Son gecemde yine hep birlikte yemek yapıp kocaman bir sofra kurduk. Geceyi muhabbetler, kucaklaşmalar ve kahkahalarla bitirdik. Ertesi gün, River Inn’de kalanlar erkenden tarlaya işe gitti, ben de son kontrolleri yapıp ‘mutluluklar da hüzünler de anlardan ibaret!’ diye kendime hatırlatarak yola koyuldum. Vira Nelson gölü ve ardından Doğu Yakası! İlk gün, Nelson’da birkaç saat mola verdikten sonra, öğlene doğru gölün kenarına konumlanmış kamp alanına ulaştım.
Yeni Zelanda’da Kamp Yapmak
Öncelikle Yeni Zelanda’nın herhangi bir yerinde kamp yapabilirim hayalini unutun! Binek araçla ücretsiz kamp yapmak, Yeni Zelanda’da yasal değil! Ülke genelinde çoğu yerde ücretsiz kamp yapmak yasaklanmış. Bunun yerine, uygun kamp alanlarını tercih etmeli ve çoğu kamp alanından kamp yapmak için rezervasyon yapmanız gerekiyor. Yeni Zelanda’da eğer karavanınız ile kamp yapıyorsanız ücretsiz alanlar bulmak daha kolay. Ancak benim gibi binek aracıyla seyahat edenler için ücretsiz kamp alanları oldukça kısıtlı.

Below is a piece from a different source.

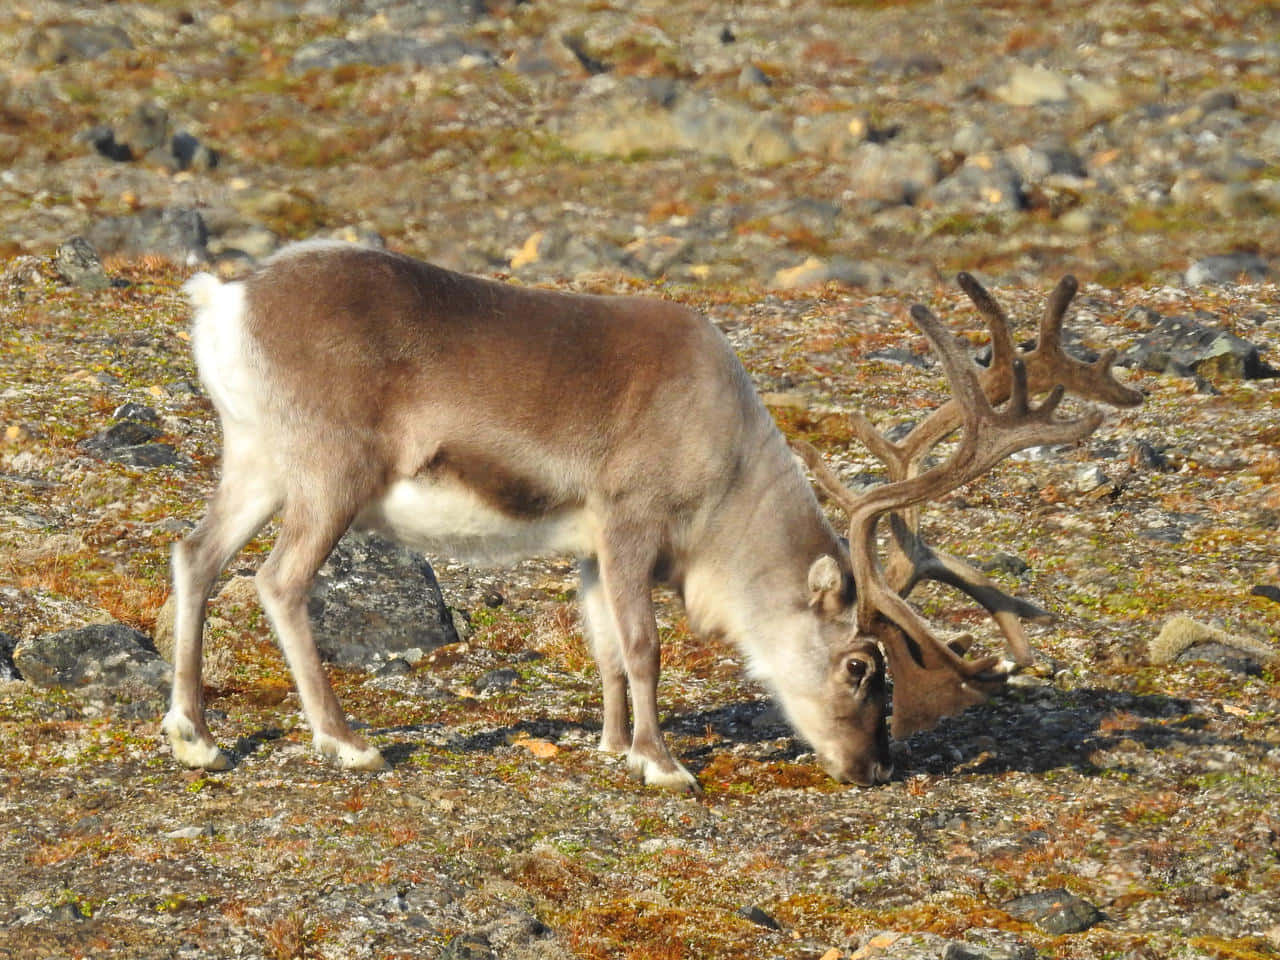 "A Giant Herd of Reindeer Roaming in The Arctic"
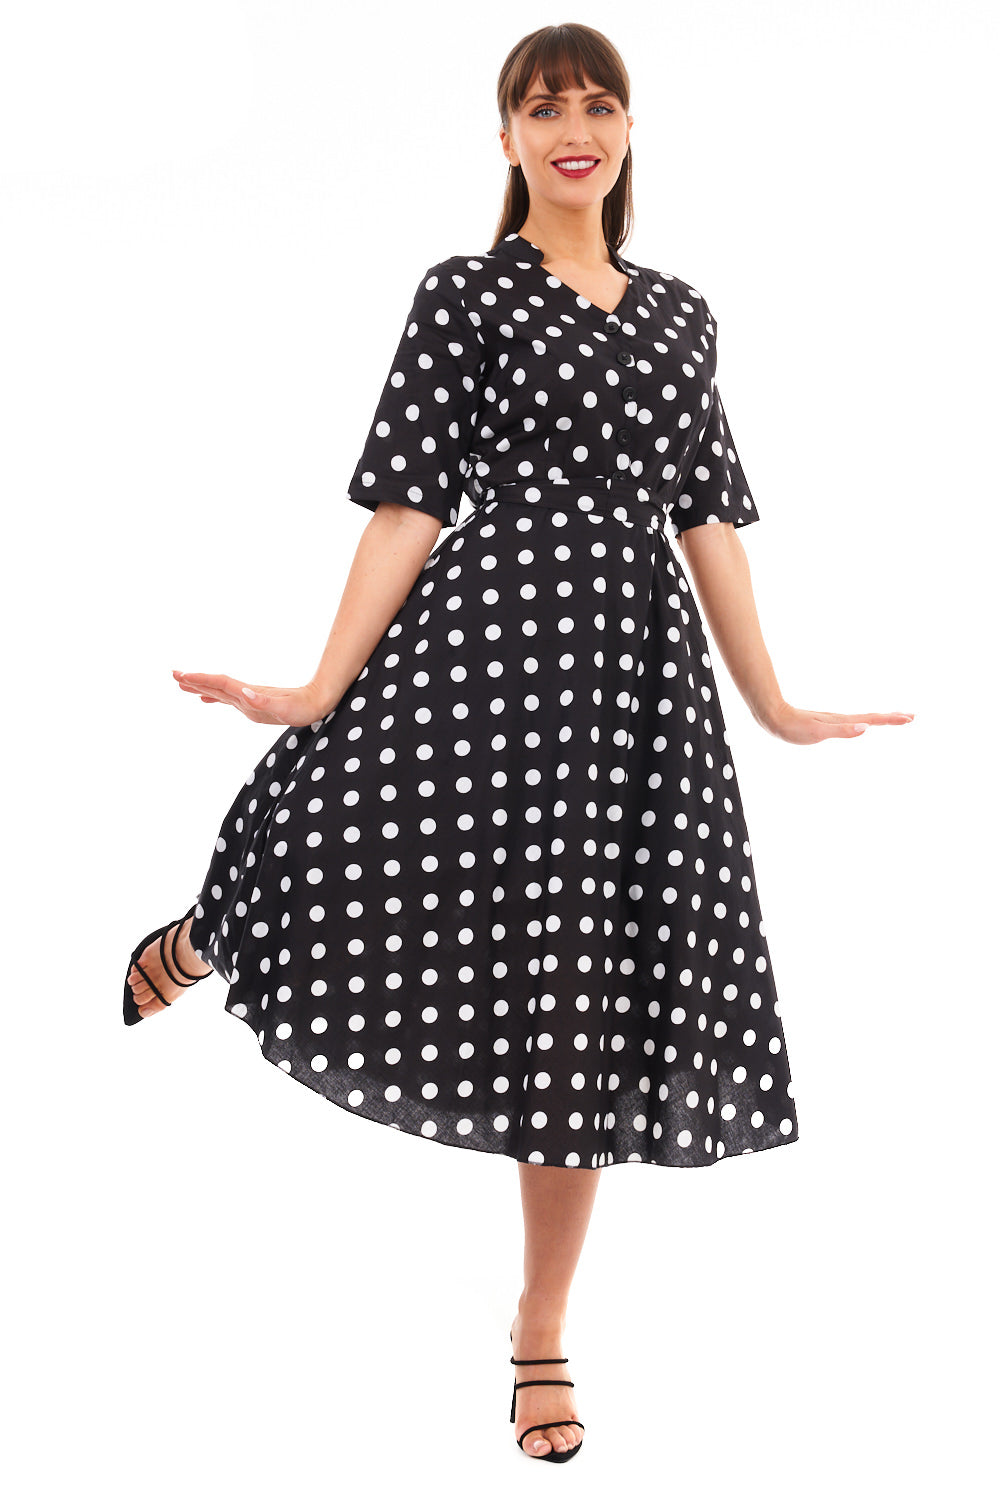 Retro Vintage 1940's Polka Dot Shirt Dress in Black

Bunun en büyük nedeni de aracınızın içinde seyyar bir tuvalete sahip olmamanız. Yeni Zelanda hükümeti doğada herhangi bir yere işemenizi istemiyor, hatta eğer doğaya işerken yakalanırsanız bunun cezası dahi var. Ben işerken hiç yakalandım mı? Genelde yol boyunca sadece koyun ve inekleri gördüğüm için hiç problem olmadı.
Kamp alanları ise ister devlete ait, ister özel olsun, oldukça temiz ve düzenli. Her kamp alanında kaynatmak suretiyle kullanabileceğiniz su bulabiliyorsunuz. Tuvaletler zaten kesin olarak her kamp alanında var. Bazı kamp alanlarında yağmur veya soğuktan korunabileceğiniz ufak kulübeler yapmışlar, buralarda kendi kamp malzemelerinizle yemeğinizi hazırlayabiliyorsunuz. Yeni Zelanda’daki kamp yerlerine, ücretlerine, kamp yerlerindeki olanaklara, hatta yürüyüş rotalarına ve bu yürüyüş rotalarında konaklayabileceğiniz kulübülere https://www.doc.govt.nz/ sitesinden ulaşabiliyorsunuz.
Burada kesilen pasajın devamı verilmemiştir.